III. PAUL'S WISH. "I would to God," etc. This was not the false wish of a proud, self-righteous Pharisee, but the true wish of a real Christian philanthropist. He wished that Agrippa resembled him in character, but not in circumstances. From this wish we infer —
1. That Paul never regretted becoming a Christian. When he stood before Agrippa he was an old man; he had been a disciple of Christ for very many years; a death of martyrdom was before him; and yet, withal, he would not have exchanged positions with Agrippa.
2. That what Paul was it was possible for Agrippa to become.
(J. F. Smythe.)
I. HOW PERFECTLY CERTAIN PAUL WAS THAT HE WAS A CHRISTIAN. Agrippa had professed to be "almost persuaded." The apostle says, "I would to God that thou wert both almost and altogether" — what? "Such as I am." Could anything show more clearly that St. Paul had not the shadow of a doubt that he was a Christian? This is not so with many Christians. Even when others behold the evidence in their daily walk, they themselves can only say that they "hope." They are following on in the path to peace as nearly as they can find it, but whether it ends in assured glory, they can only know when the gates of the celestial city have closed behind them. It was not so when Christianity was young. This doubt and uncertainty is like our gorgeous churches, where the poor have no place; like our fashionable preachers, who glorify human nature instead of Christ; like our fashionable congregations, where dress and display attract the eye: it belongs to modern, not to ancient Christianity. Then men knew whom they had believed. Look at this confidence as displayed by St. Paul. He did not wish that they were what he "hoped" he might be, not what he "desired" to be, not what he "thought" he was. He wants them to be what he then and there is sure that he himself is — a Christian. Is such a certainty something which God only permitted the primitive believers to realise? Or, is it a privilege which all may know in personal experience? The whole question hangs on the character of Christ. You may be perfectly confident if Jesus is one who does not break His word. Such a confidence is exceedingly desirable. I do not see how St. Paul could have been so eager, unless he had the clearest convictions that he was himself saved. Moses could not have said to his brother-in-law, "Come thou with us and we will do thee good," if he had possessed no certain confidence that he and the people were on their way to Canaan. So does assurance of faith make working Christians.

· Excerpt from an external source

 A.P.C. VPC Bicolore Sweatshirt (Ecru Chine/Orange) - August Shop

II. WHAT A GRAND THING PAUL EVIDENTLY ESTEEMED IT TO BE A CHRISTIAN! There are some men who undervalue their blessings. St. Paul was not one of that class. It was a cause of thanksgiving that by the grace of God he was what he was. Who were they that heard him?

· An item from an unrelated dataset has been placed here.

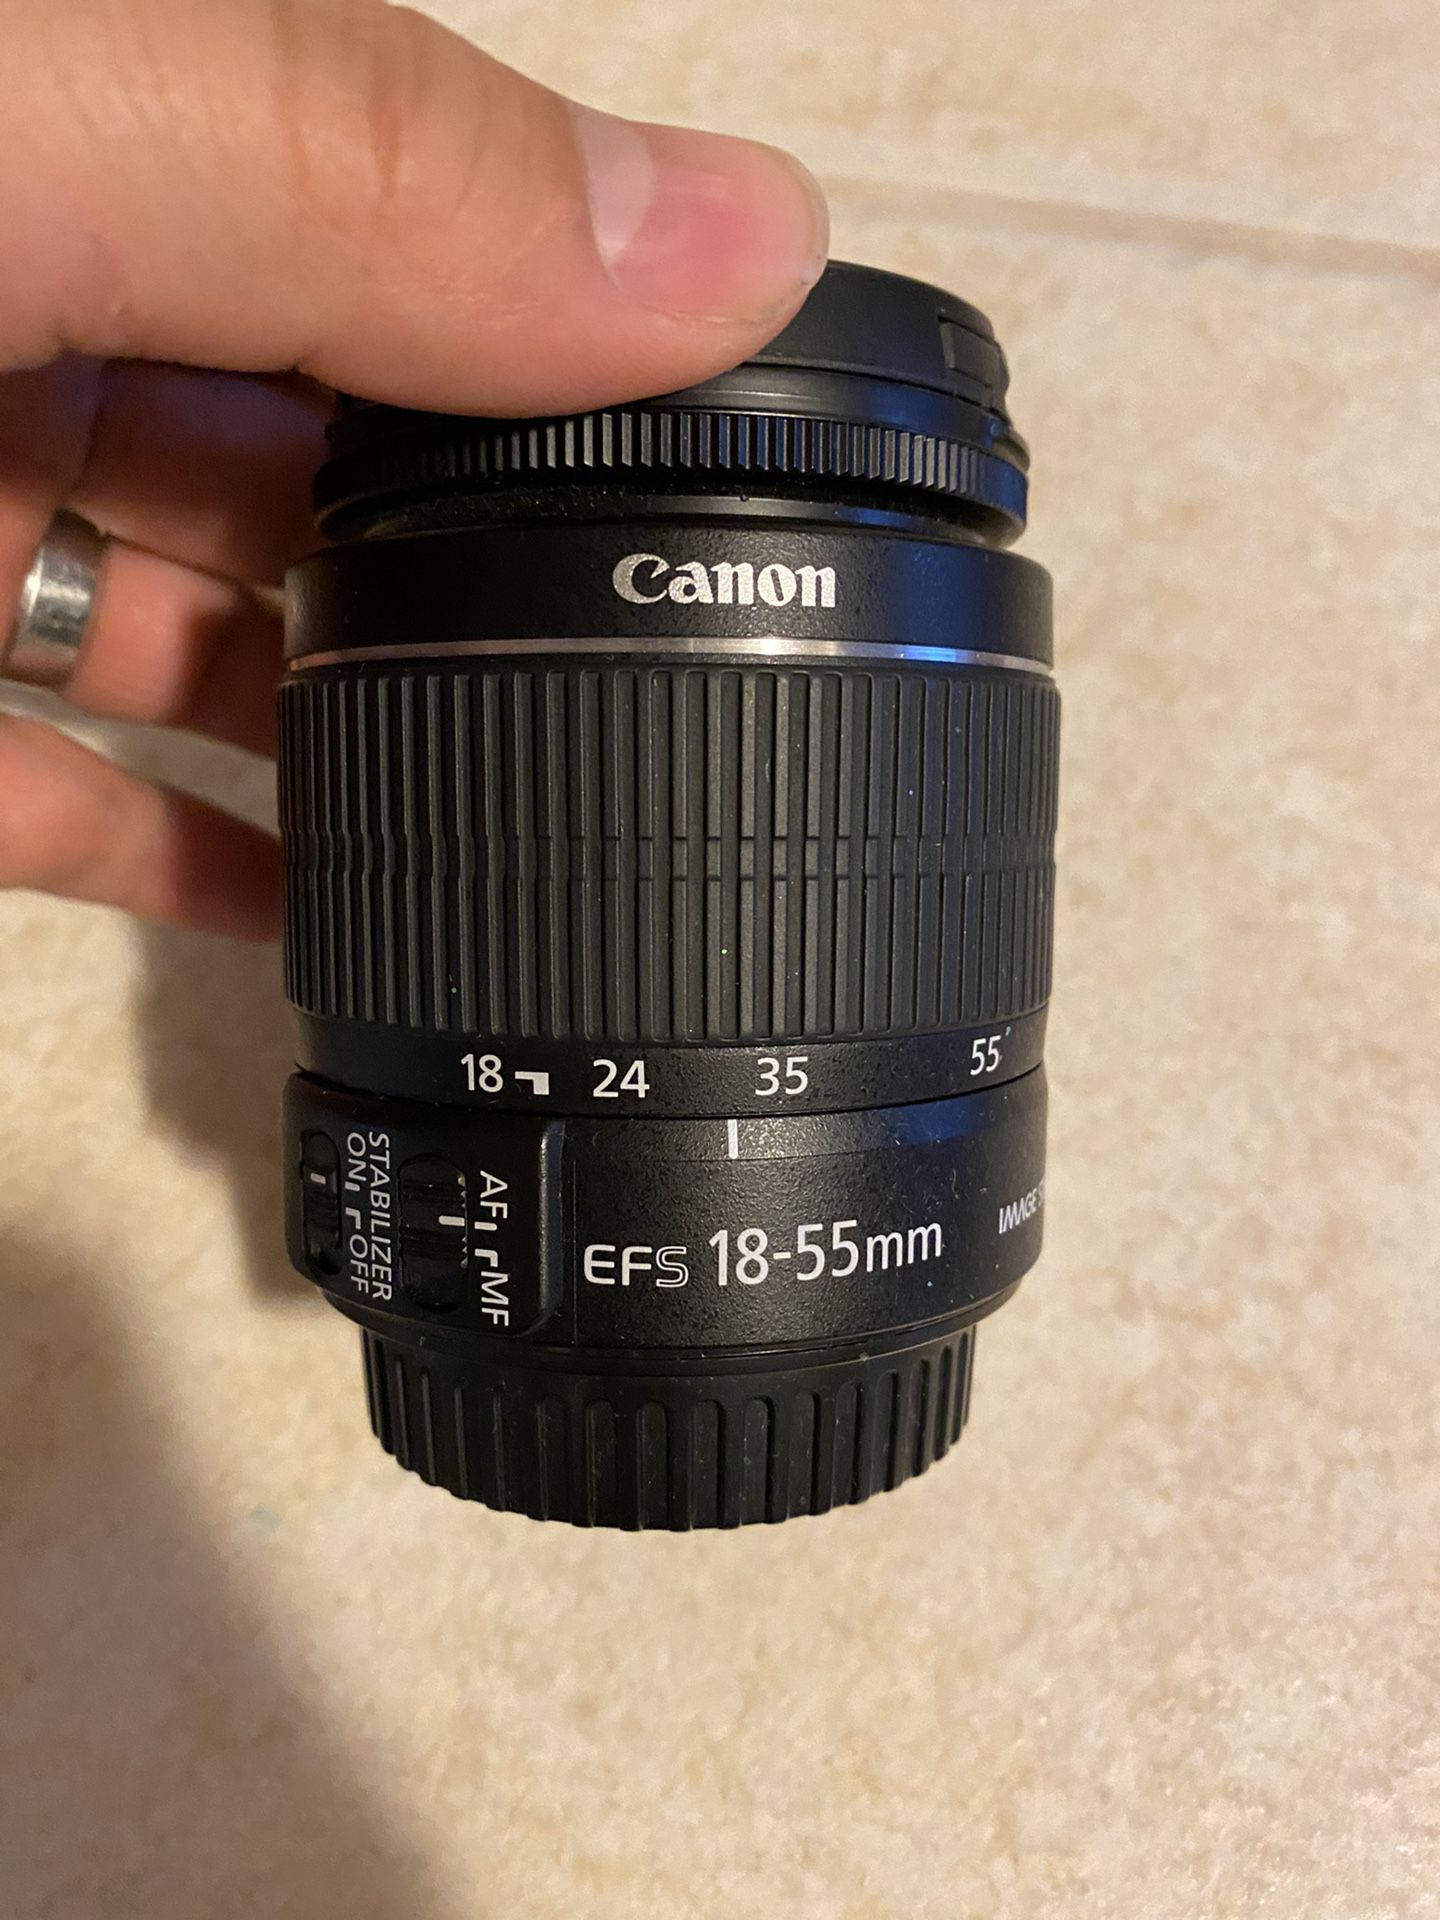 Canon 18-55 mm lens

1. In that assembly were men of wealth. And yet this poor prisoner cries out, "I would to God that all that hear me, were both almost and altogether what I am." To him Christianity was worth more than the riches of a Roman procurator.
2. There were men among those who heard him that day who had a home. And he who stood at that tribunal like his Master, "had not where to lay his head." He wrote, "We have no certain dwelling place." Yet it was this homeless man who cried out, "I would to God," etc. His Christianity was to him worth more than even a home.
3. Above all these were men of high rank and social position. And here was a man whose rank was to be counted as "the offscouring of all things," who yet cried out in such an august assembly, "I would to God," etc. Such was St. Paul's estimate of the worth of his Christianity. He could do without a home; he could dispense with the wealth of Festus; he could live without the crown of Agrippa, but he could not do without Christ, to him "the hope of glory." Today does he regret his estimate of his heritage? Today the wealth of God's glory is his. Today the home of God's saints is his portion. Today he reigns as king, a crown of glory on his brow.